The simplest of drills became almost impossible. Some days, she struggled to get out of bed and go to workouts.
She was reduced to solely training on the exercise bike.
“I remember being on the bike, and it was maybe the third time going back,” Thornton-Bott said. “I went ‘Ah. Fuck this.’ and got off.”
Calling it quits on her track career was never an option. She decided to take a full season off to regain her health and strength, instead of trying to train through the illness.
Thornton-Bott’s choice to put her athletics on the backburner ultimately helped prolong her future.
Before taking that hiatus, she had reached out to Oregon distance coach Helen Lehman-Winters and had shown interest in the University of Oregon as the place to pursue her goals of competing at the collegiate level. After beating the illness, she began the process of joining the Ducks’ program.
“Izzy expressed a really strong interest in coming to America, not just to go to any school, but to come to Oregon,” coach Lehman-Winters said. “A lot of athletes want that interest to be one-way; they want all the attention. Izzy was truly interested in going through the process to get here. She was committed to coming here all along.”

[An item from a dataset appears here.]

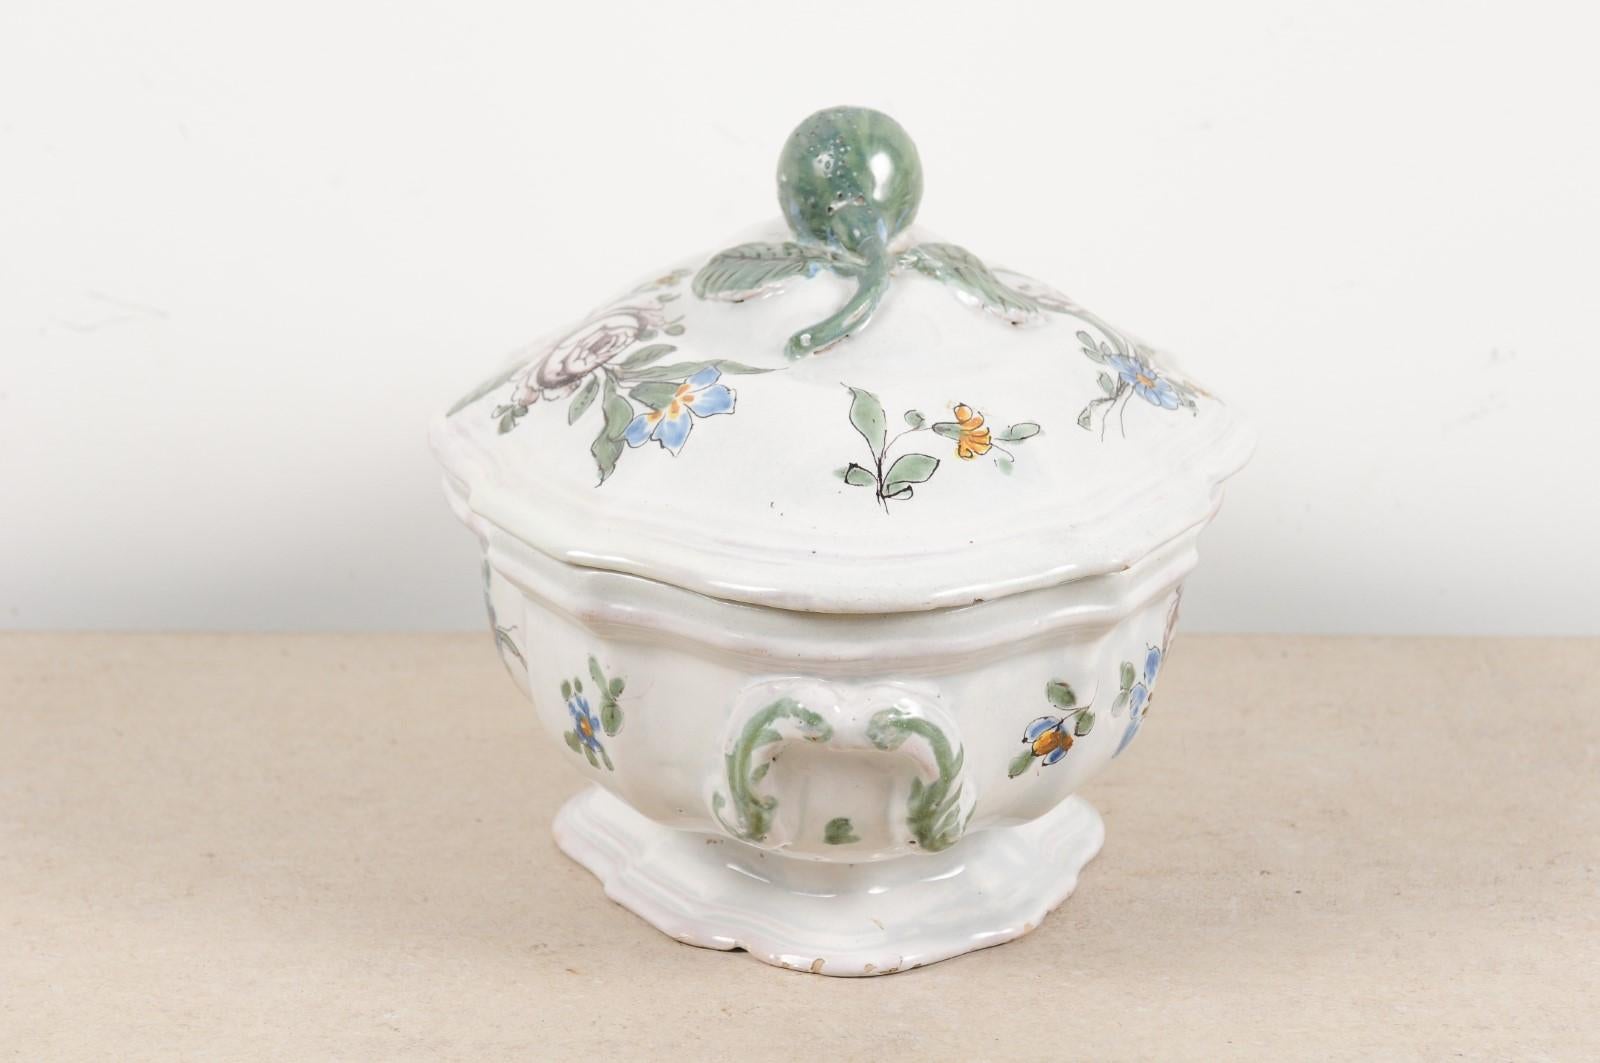 French 1750s Faience Oval Shaped Soup Tureen from Bordeaux with Floral Decor For Sale 3

Her track career was moving in the right direction once again.
She won her first collegiate race and she began to build friendships with her fellow Oregon track teammates.
A week later, Thornton-Bott and her teammates were on a leisurely run at Eugene’s Mount Pisgah when the first signs of the stress fracture began to pop up. With the Nuttycombe Invitational in Madison, Wisconsin, right around the corner, she decided to cut her run short out of caution.
She returned to the mountain’s car park to sit and rest. As her teammates came down to the mountain to check on her, Thornton-Bott tried to get up and greet them.
Suddenly, her leg gave out.
Right as she was finding her footing again, it was swept out from under her. Her track career was derailed, once again.
“I knew that if I could get through how ill I was and still be kind enough to myself, then I can get through just about anything,” Thornton-Bott said. “That mentality definitely helped out a lot when it came to the fracture.”
Her injuries and illness weren’t exactly blessings in disguise. However, her instinct to stay true to the future of her track career while it was on pause prepared her for any obstacles that may present themselves down the line.